I am awed by Michelle Obama. Totally taken by her. Thrilled, cheering, jumping inside with glee! It's not just because she's black. Or because she went to Princeton with my husband. In large part, it's because she's making the same choice now that I made—putting her own career aside for a time to be completely engaged in raising her children and supporting her husband. She is going to be the first lady of the United States of America, and more than that, first Mocha Mom in the White House!
How will she mold that role? I can hardly wait to find out. I just hope she's ready to relish this opportunity. Michelle Obama is about to become a role model for the rest of the world, representing what an at-home African-American mother in a fabulously functioning family looks like. Is she ready for that? And are we?
When I became a mother, I left my job as a press secretary for a congressman and stayed home until my fifth (and final!) son was in school all day. While I was in graduate school, my parents watched our first born but only for the hours I was in class. Being with my children for most of their waking hours was my priority for 16 years. I'm glad I did it. It's not for every family, but it worked for ours. Those experiences led me and a friend to start a newsletter called "Mocha Moms," which grew into a national support group for at-home mothers of color. We needed the kinship of other moms who were going through the same adventure, with few guides.
It's a path that can be both lonely and strangely controversial, especially for African-American women, even among those of us who operate out of public scrutiny. The fact that, historically, black women have rarely had the luxury to choose not to work has helped to enforce an expectation that we must work. Black mothers who choose to stay home sometimes face particularly harsh judgment, as if stepping away from our professional degrees and careers is a thoughtless slap at our ancestors, who endured back-breaking, knuckle-skinning work for us to have the opportunities that we have today.
Michelle Obama won't have to endure the patronizing attitudes of people who think that a woman is powerless and unimportant if she doesn't have a paid position. She has the potential to help the country rethink how they view all modern, at-home moms! And she can help at-home moms rethink how they view themselves.
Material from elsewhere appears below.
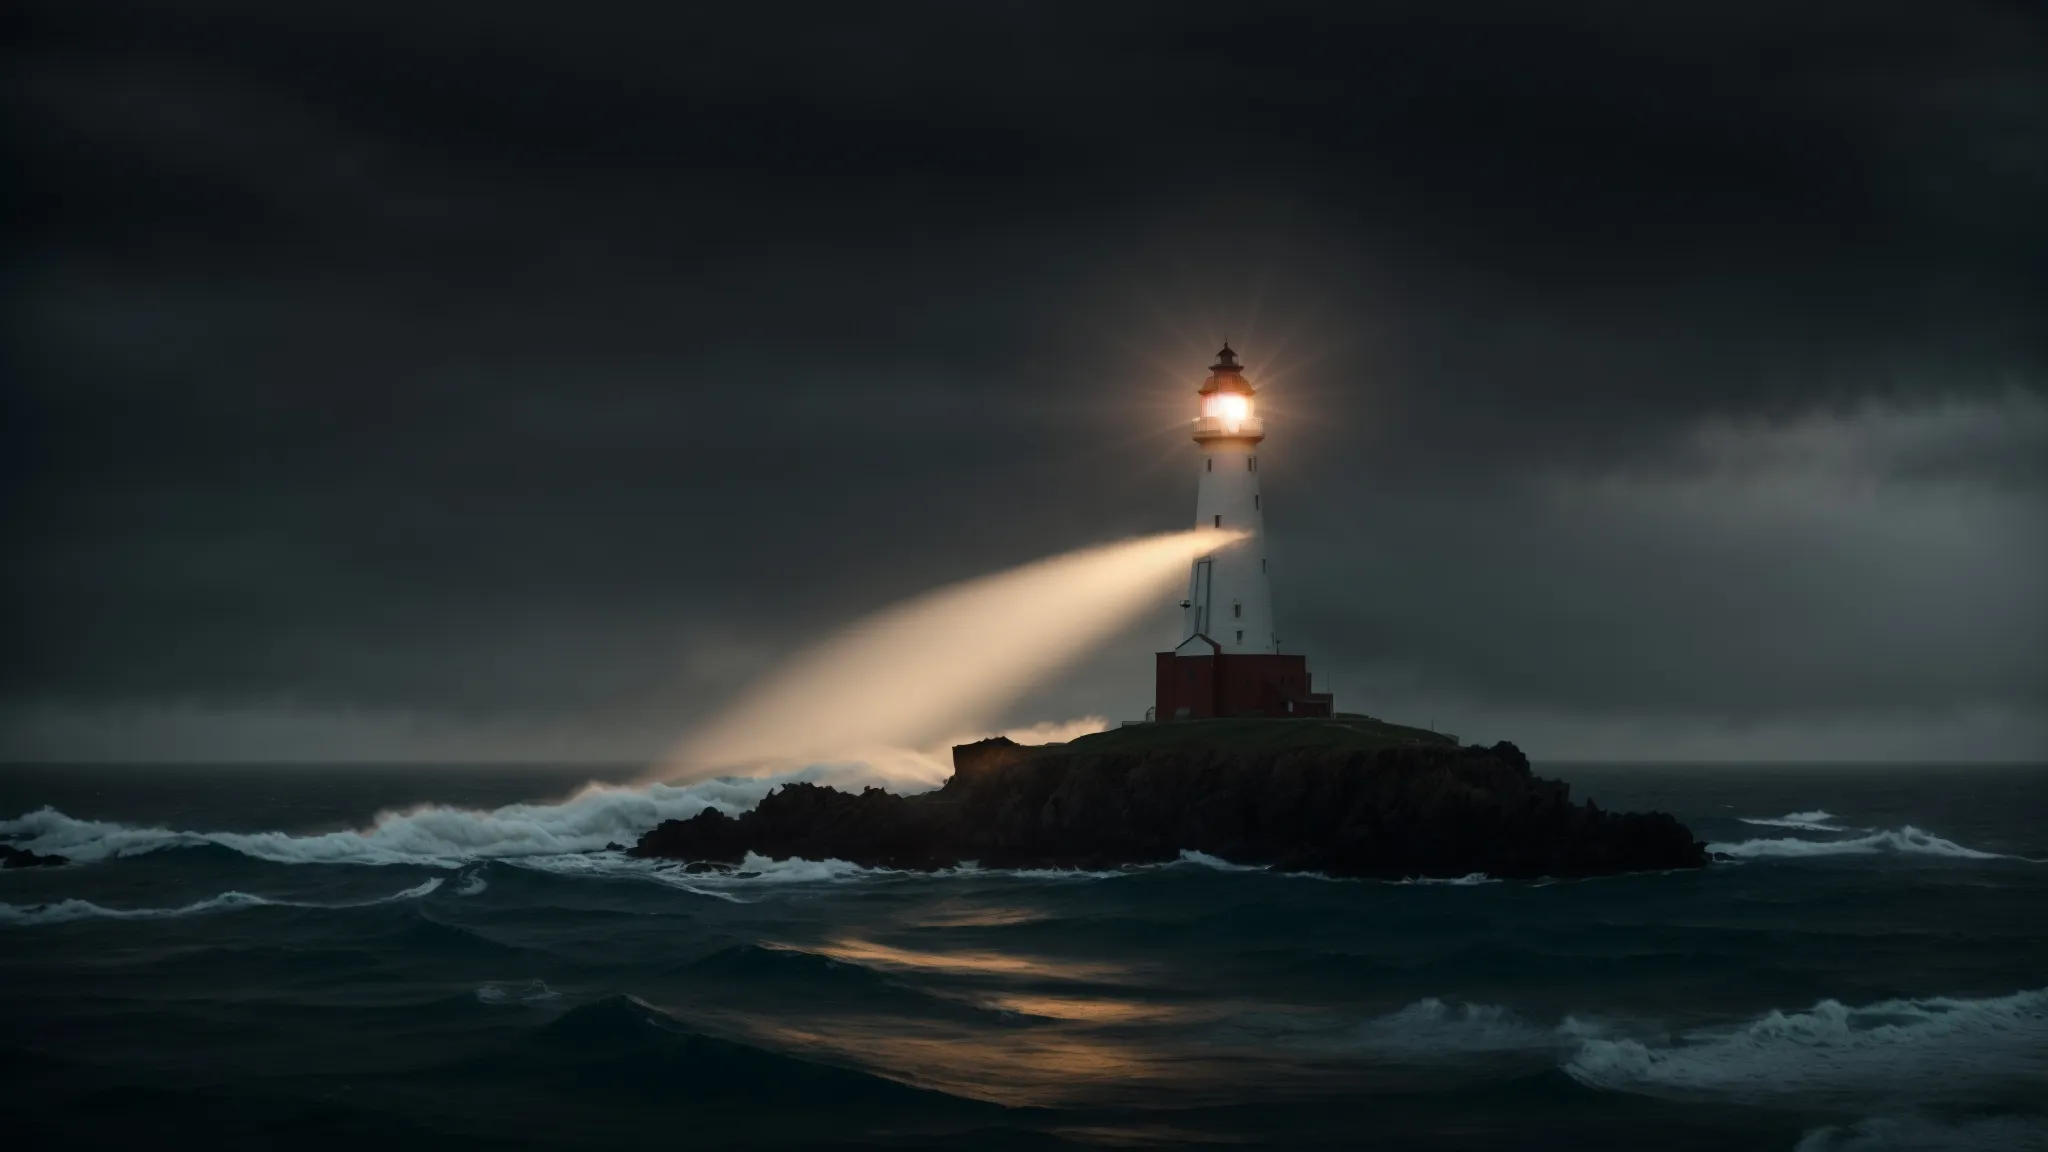 a lighthouse stands firm amidst a vast ocean, casting a guiding light into the surrounding darkness.

Few will be having tea with foreign dignitaries, but most can have a positive impact on their own corners of the world.
And regardless of which phase of life Michelle Obama has been in—either in her successful law career or her more recent role, after leaving her job—her confident, smart, delightful and well-behaved girls are proof that she is a good mother. That's the highest compliment I can pay to another woman. I know Michelle hasn't done it by herself. But all that time Barack was following his star—from being a community organizer to being a breath away from taking over the Oval Office—Michelle had the daily grind of balancing both a legal career and the details of raising two girls—diapers, sleep deprivation, teaching them to share, worrying over their relationships with each other and their friends, making sure they practiced the piano and did their homework. Right now, while Barack is picking his cabinet, she's helping their girls through the wonderful trauma of moving into the White House and their roles as first kids. For now, she cannot return to a traditional work role, but make no mistake, she has much important work to do in keeping her family safe and centered.
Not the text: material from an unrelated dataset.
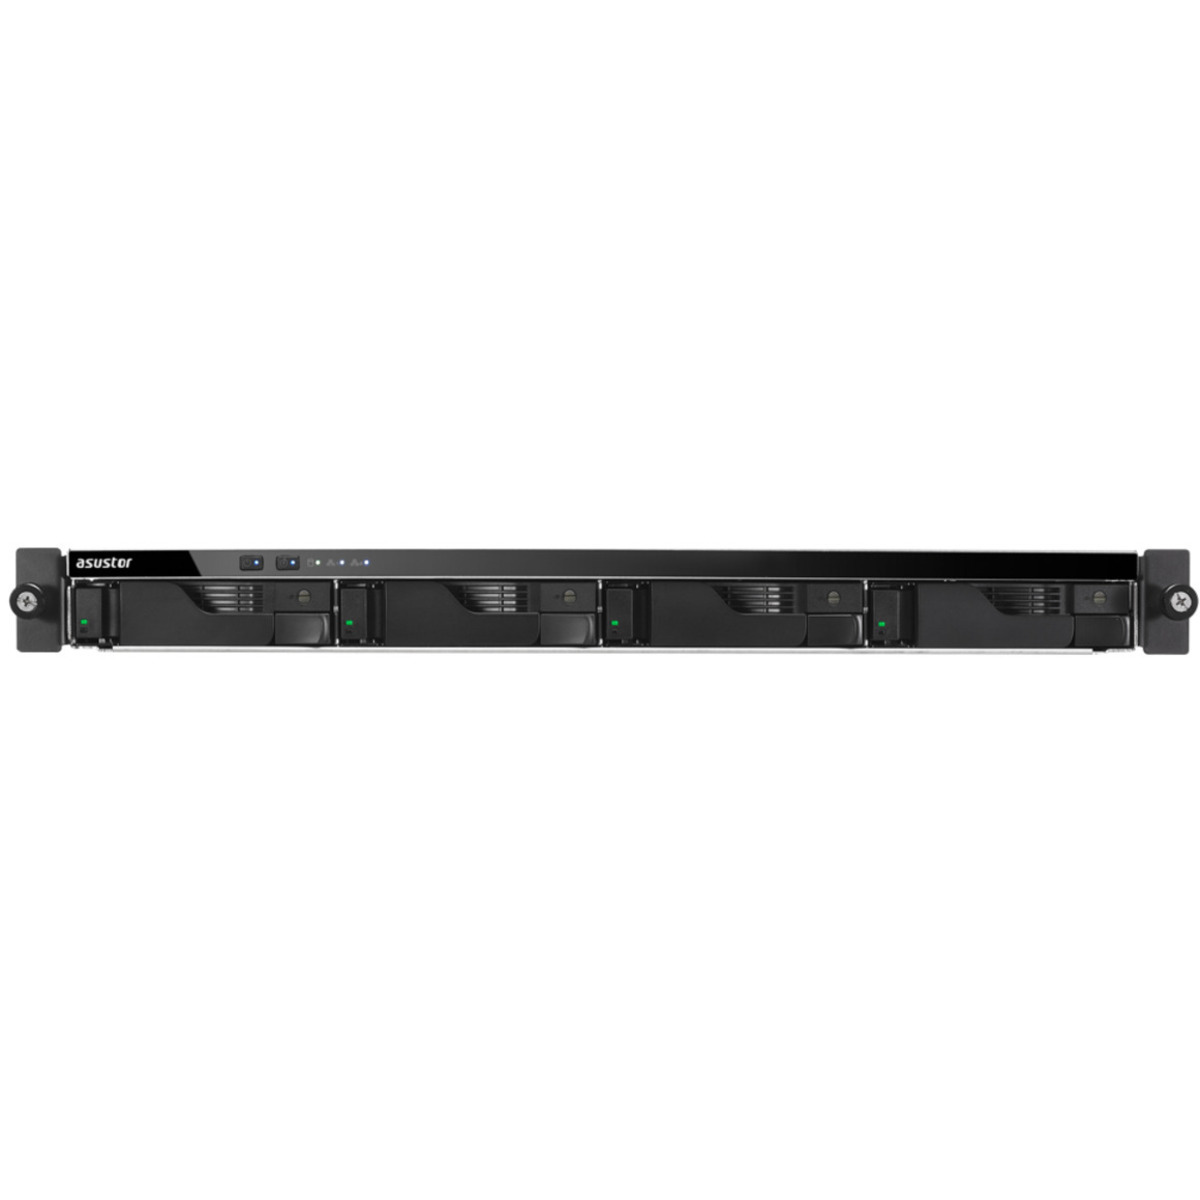 ASUSTOR LOCKERSTOR 4RS AS6504RS 60tb 4-Bay RackMount Multimedia / Power User / Business NAS - Network Attached Storage Device 3x20tb Western Digital Red Pro WD201KFGX 3.5 7200rpm SATA 6Gb/s HDD NAS Class Drives Installed - Burn-In Tested - FREE RAM UPGRADE LOCKERSTOR 4RS AS6504RS

Before Michelle, Clair Huxtable was the icon of perfect African-American motherhood. Our community—the whole country, really—expects black mothers to work for pay and Clair did it splendidly. She stayed at the top of the lawyer track and kept her household—and her husband's heart—ticking. And she looked great while she did it. Of course, she wasn't real. She only had to do it for 22 minutes at a time, once a week. Most of us could handle it for that long, right?
Michelle Obama has a chance to paint a new picture of motherhood. She won't have commercial breaks. Plenty of ratings, but no breaks. She'll be helping Malia and Sasha with homework then greeting foreign dignitaries. Watching over their friendships and giving speeches. And though she has said she will not seek a place at the policy table, it is hard to imagine that a woman with her smarts and experience won't make an influential impact.
I am jumping inside with glee at the thought of what this African-American first lady can say to all of us—black mothers, all mothers, all Americans. Will she be viewed as the exception, someone so out-of-the-ordinary that what she's doing—taking a career break in the interest of family—will seem like a quaint impossibility? Or will we use her as a template to create new visions of what a fully functioning African-American family can be? What a fully functioning American family can be? Michelle Obama's greatest gift to our country will be in showing the world how it's done.
Jolene Ivey, co-founder of Mocha Moms, Inc., is a Maryland State Delegate, and mother of five beautiful boys. She's married to Glenn Ivey, the State's Attorney for Prince George's County, Md.